As a piece of plumbing, the toilet was done for. It only operated at all out of good will. Last night, while they were getting ready for bed, he had heard it flushing, and then flushing again, and again; and thinking to avoid just such a situation as had now happened, he got the kitchen stepladder, climbed up on it, reached into the water chamber, and closed the valve, intending to open it when they got up in the morning. By so doing, he now realized, he had upset the entire system. It could only be that; they hadn’t been near the iron boiler in the kitchen from
which water so freely flowed. And it was only a question of time before the search, now confined to the pantry, would lead Eugène, the concierge, and the boy to the real source of the trouble. Nevertheless, like Adam denying the apple, he climbed up on the stepladder and opened the valve. The water chamber filled slowly and then the pipes grew still.

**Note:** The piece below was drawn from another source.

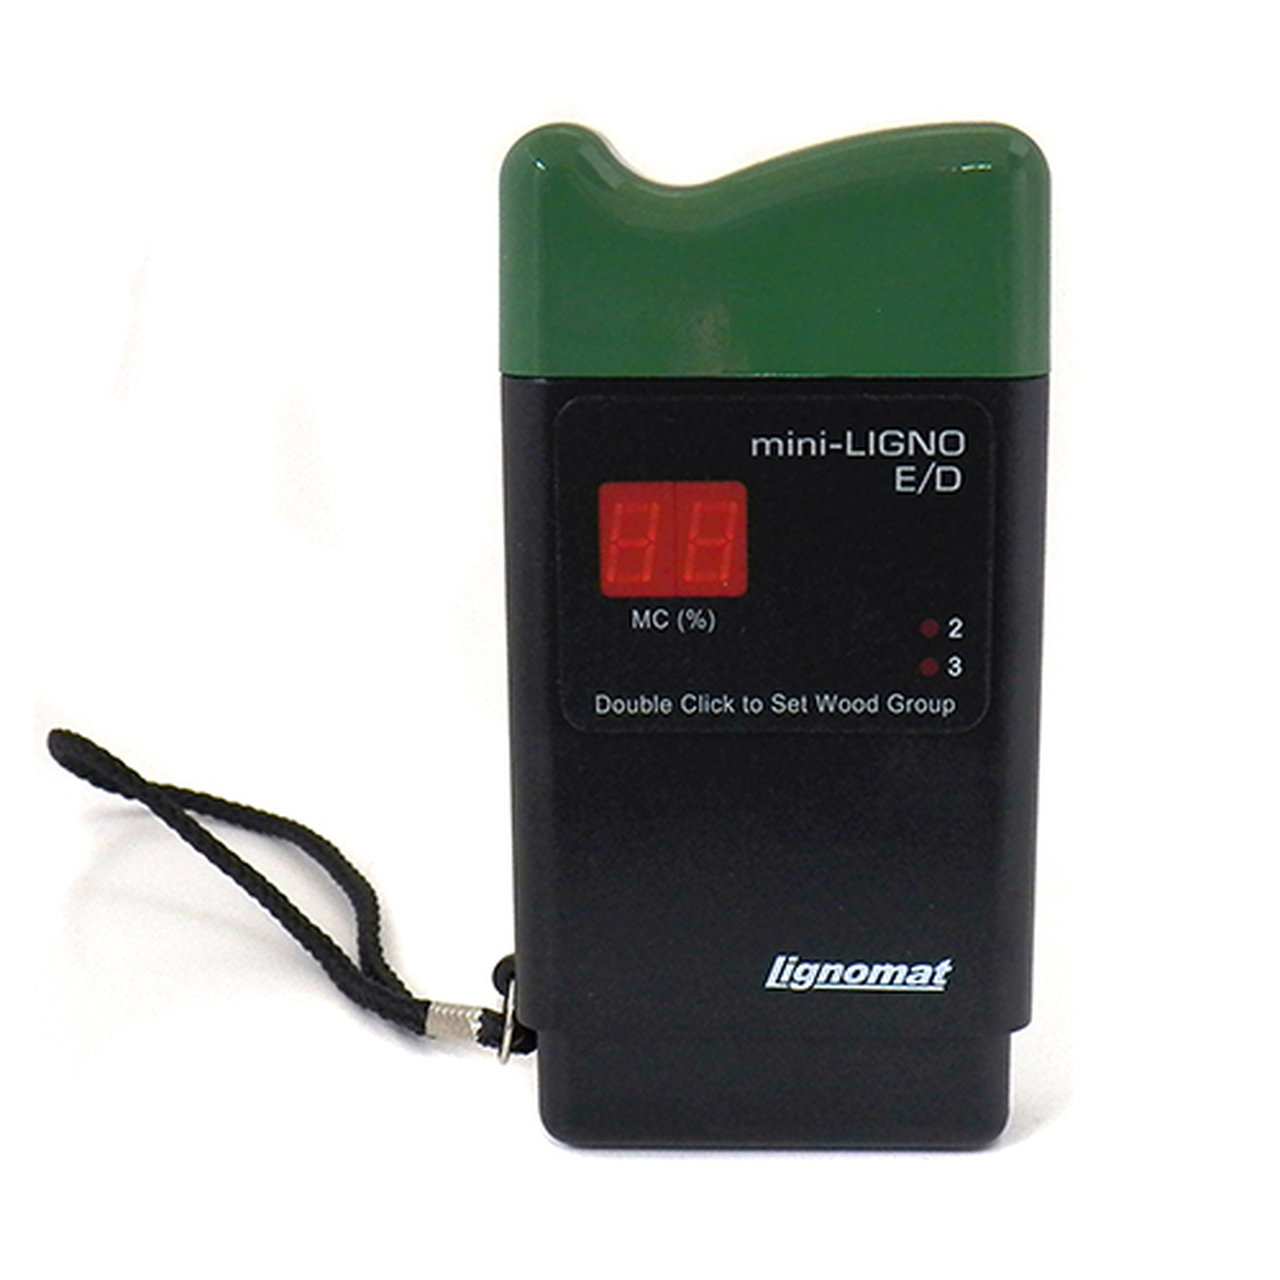 Lignomat's mini-Ligno E/D, Wood Moisture Meter
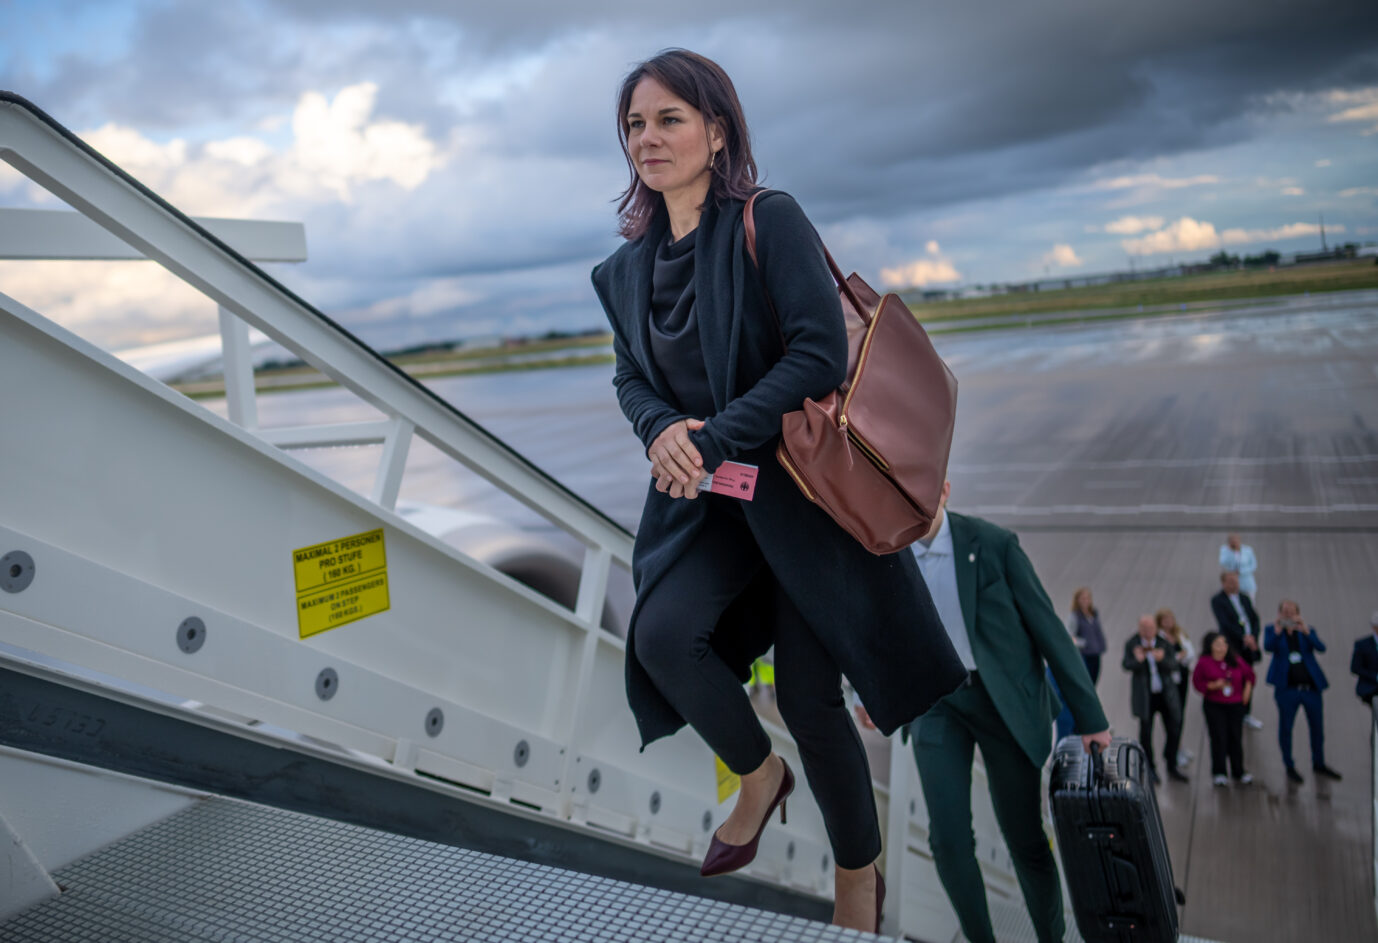 Außenministerin Annalena Baerbock (Grüne) betritt die Zugangsrampe eines Flugzeugs und grinst

As he reached the kitchen door, the search party brushed past him and went into Eugène’s bathroom. Harold turned and went back to their bedroom. Barbara had got up out of bed and was sitting at the window, with her dressing gown wrapped around her, smoking a cigarette.
“Look up the word ‘chauffage,’ ” he said. “The dictionary is in the pocket of my brown coat,” and he went on down the hall. Ignoring the gas heater, Eugène searched for and found a valve behind the tub. As soon as the valve was closed, the bathtub began to fill with rusty red water gurgling up out of the drainpipe. He hurriedly opened the valve, and the water receded, leaving a guilty stain.
“ ‘Chauffage’ means heating or a heating system,” Barbara said, as Harold came into the bedroom. He closed the door behind him.
“Did he say it was our fault?” she asked.
“I asked him five times and just now he finally said ‘Heureusement oui.’ ”
“That doesn’t make any sense, ‘heureusement oui.’ ”
“I know it doesn’t, but that’s what he said. It must be our fault. We ought never to have come here.”
The voices and the heavy footsteps passed their door, returning to the kitchen, and wearily he went in pursuit of them. They still had not found the valve that controlled the water pipes, and the cascade down the back stairs was unabated. The landing and the stair well were included in the area under investigation. Locating a new valve, Eugène left his sodden Turkish slippers inside the kitchen door and went into the front of the apartment; opened the door of the huge sculptured armoire and took out a cigar box; opened the cigar box and took out a pair of pliers.